Reports that Iran has reopened the Strait of Hormuz on Friday morning is clearly good news for the financial markets and global economy, as it would arrest the oil-induced inflationary surge linked to the Mideast conflict. It remains to be seen if the gesture holds and the U.S. responds by removing its naval blockade of Iranian ships. President Trump declared that the blockade would remain in effect until a full peace accord is signed. Unsurprisingly, crude prices plunged following the report on Friday morning and, if that trend holds, prices at the pump will follow. However, the response at service stations will not be immediate nor aligned dollar for dollar with the crude price drop. It takes time for oil production to fully recover and for the lower priced crude to replace the more expensive product currently filling up gas tanks. Even if the truce is sustained, retail gas prices could rise further before retreating.
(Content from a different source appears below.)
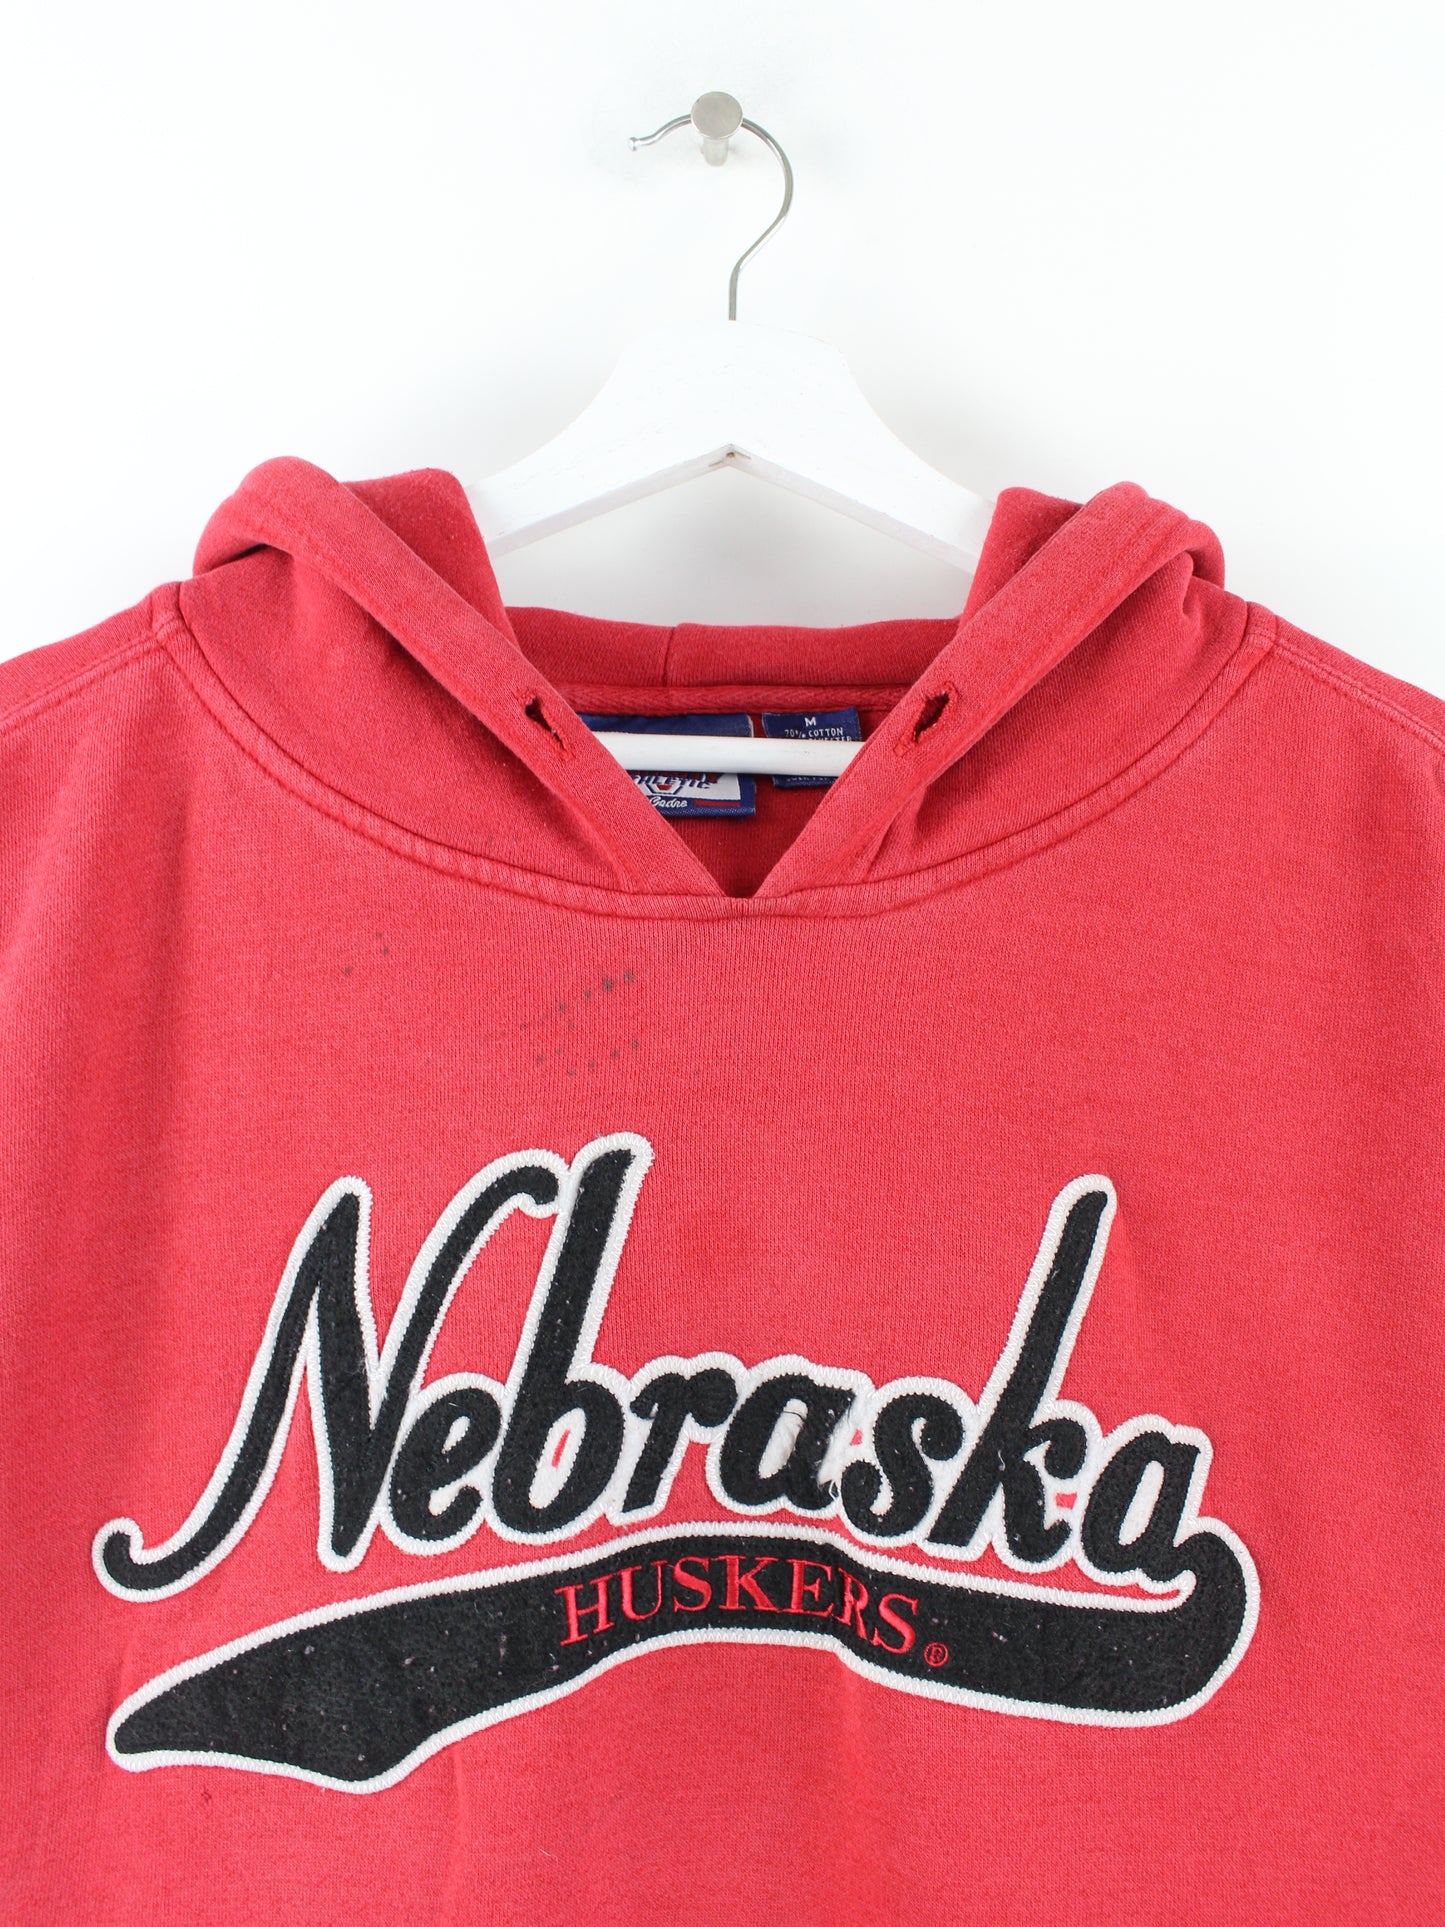 Vintage Nebraska Huskers Hoodie Red M

Still, the enhanced prospect that the gasoline price spiral is nearing an end promises to relieve motorists of a major budget squeeze less than a month away from the peak driving season. True, things would be much worse if the squeeze took place amid large scale unemployment, depriving workers with paychecks and the means to fill up their tanks. With the unemployment rate hovering at historically low levels and wages still outpacing inflation, that is not the case now. But hiring is stagnant, and wage growth is slowing even as the cost of energy, as well as most everything else, keeps on rising. Hence, worker purchasing power is weakening, as the annual growth in real average earnings virtually stagnated in March at levels no higher than last May.
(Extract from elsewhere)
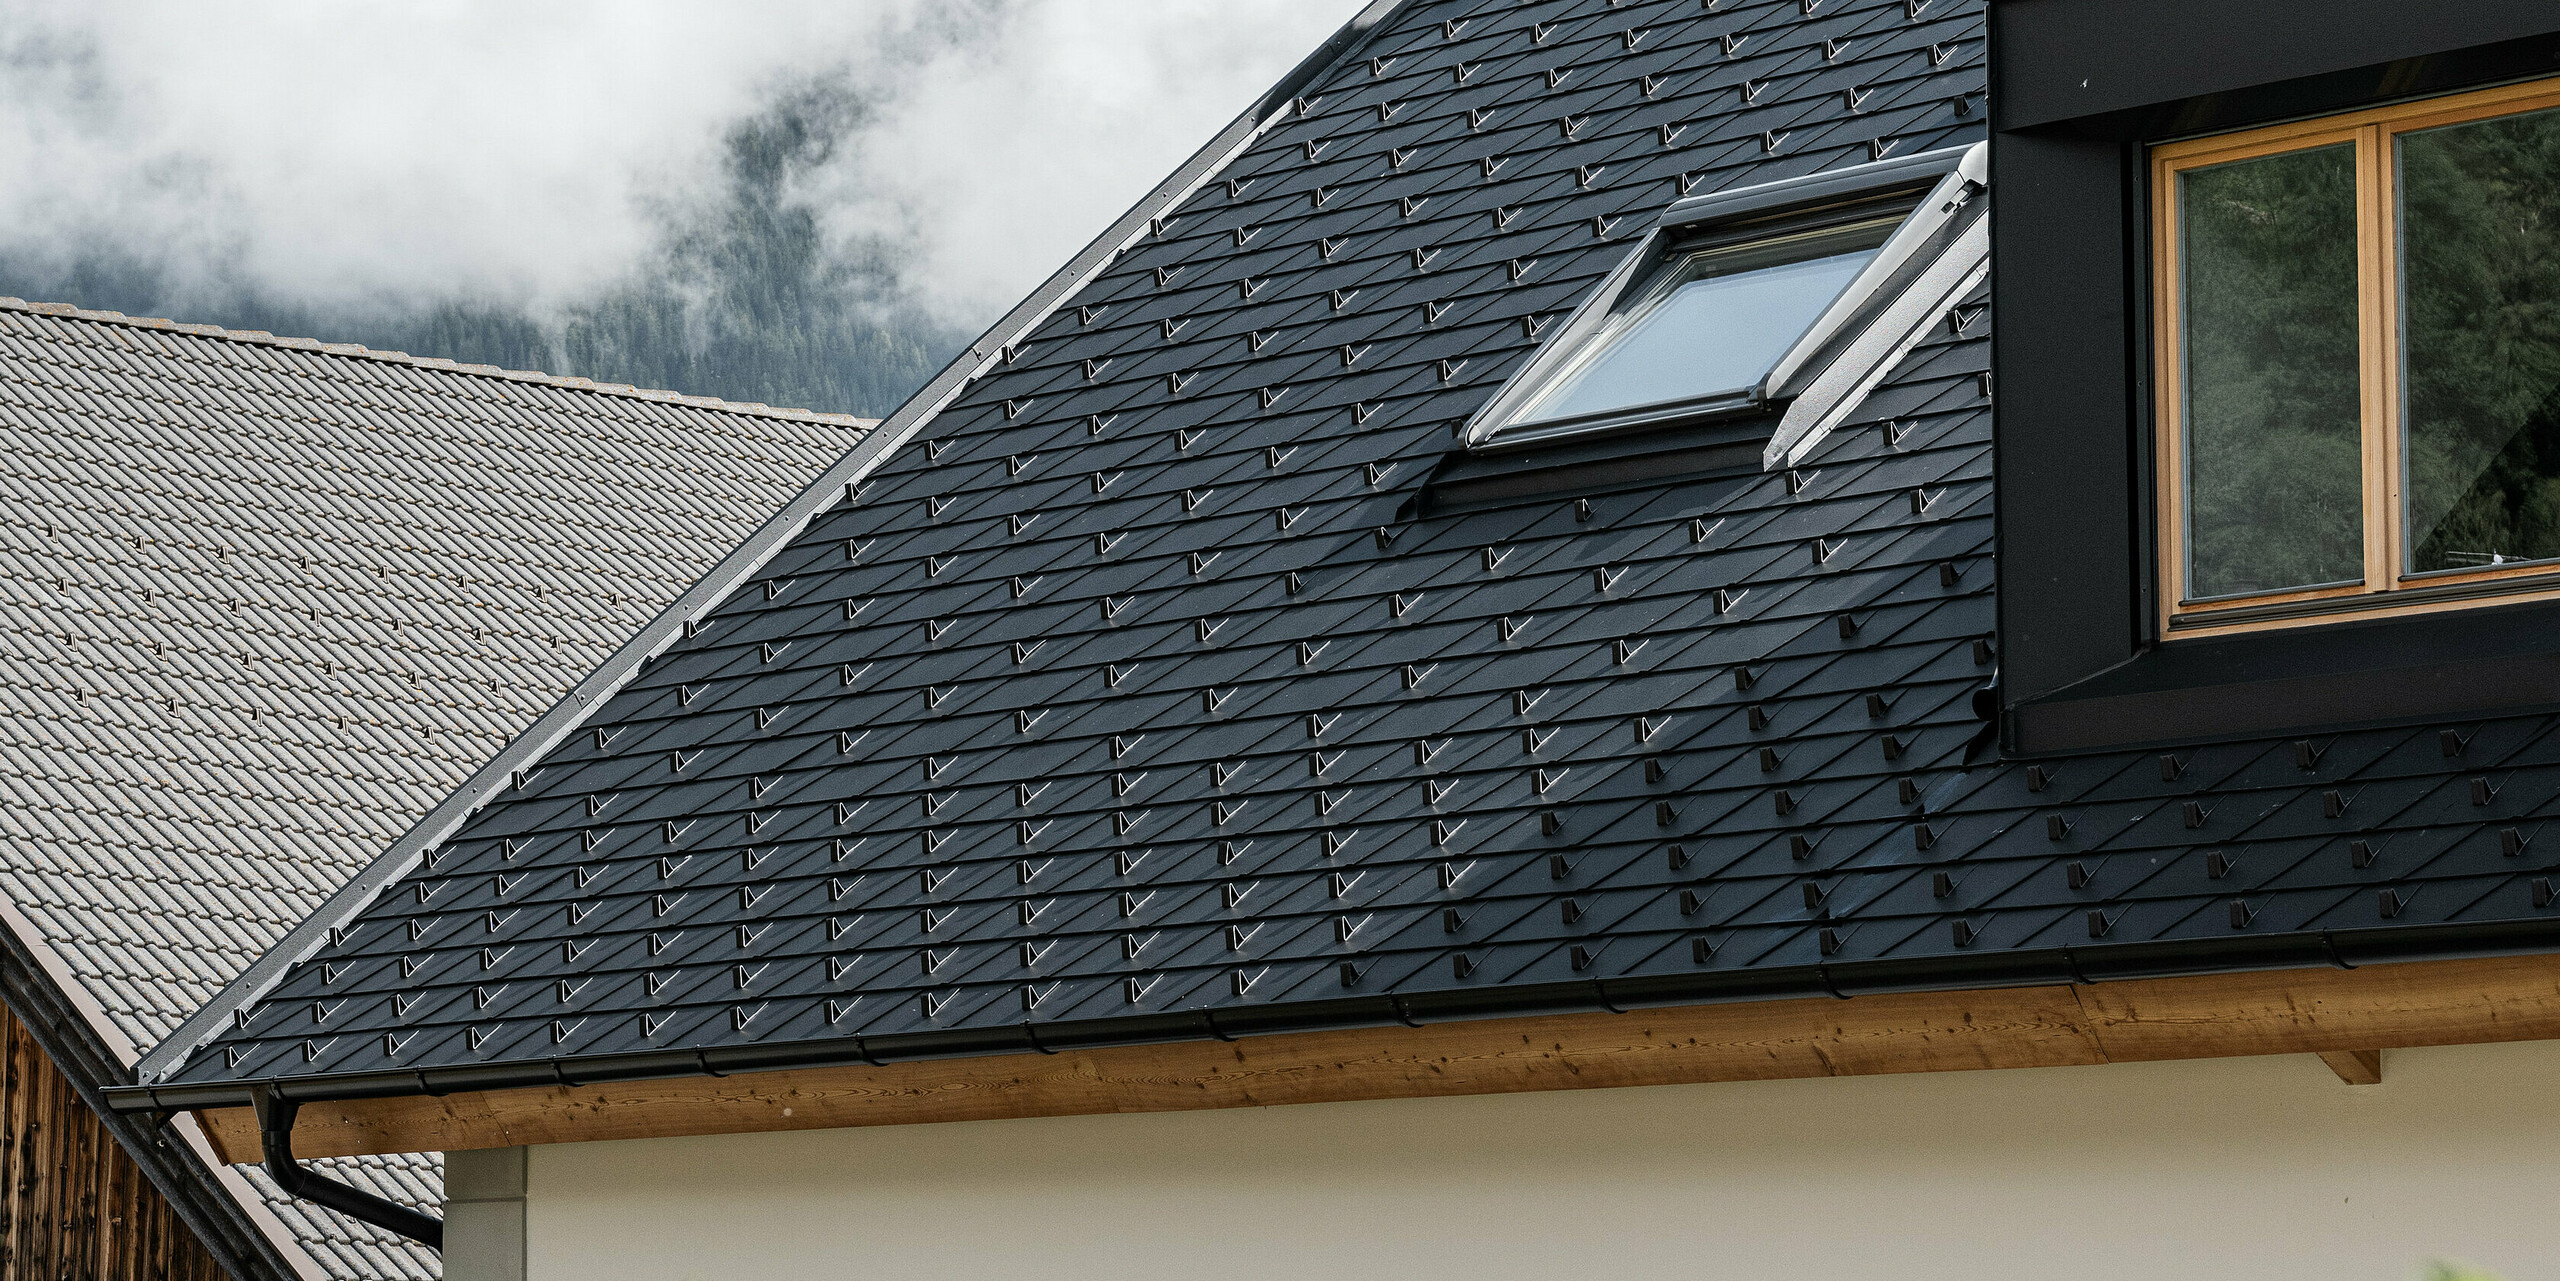 Detailný pohľad na strešný systém PREFA odolný voči vetru a poveternostným vplyvom. Sedlová strecha Ausserwegerhof v Južnom Tirolsku bola pokrytá robustnými strešnými šindľami PREFA DS.19 v antracitovej farbe P.10. Estetický dizajn strechy je obklopený pôsobivou horskou kulisou údolia Antholz.

That means jobholders have to work longer just to fill up Old Betsy. At the latest nationwide average retail price of gasoline -- $4.23 a gallon as of mid-April – nonmanagement employees are devoting 7.7 working minutes towards the cost of a service station visit, based on average earnings in March. That’s well above the time worked during the 1990s but exceeded several times over the past twenty years. However, should tensions flare up again and undercut the tenuous ceasefire, reigniting the oil price climb, things would get dicey. At $5 a gallon – which was widely considered approachable before Friday’s news – the gas-time spent on the job would rise to 9.34 minutes. At $6/gallon, more than 11 minutes would be needed, which exceeds the peak reached following Russia’s invasion of Ukraine in 2022. Importantly, a robust job market and strong worker bargaining power enabled the economy to weather that headwind. That’s not the case now.


To be sure, the disruption in the oil markets has contributed to the economy’s recent weakness, not only by juicing inflation but also via its influence on driving up market interest rates. That added another headwind to an already beleaguered housing market and put a dent on auto sales. It also further complicated the job of Federal Reserve officials, who are gingerly navigating the mounting tension between its dual mandate of promoting stable inflation and maximum employment. Walking that tightrope has put policy on hold, drawing consternation of both the doves and an increasing minority of inflation hawks.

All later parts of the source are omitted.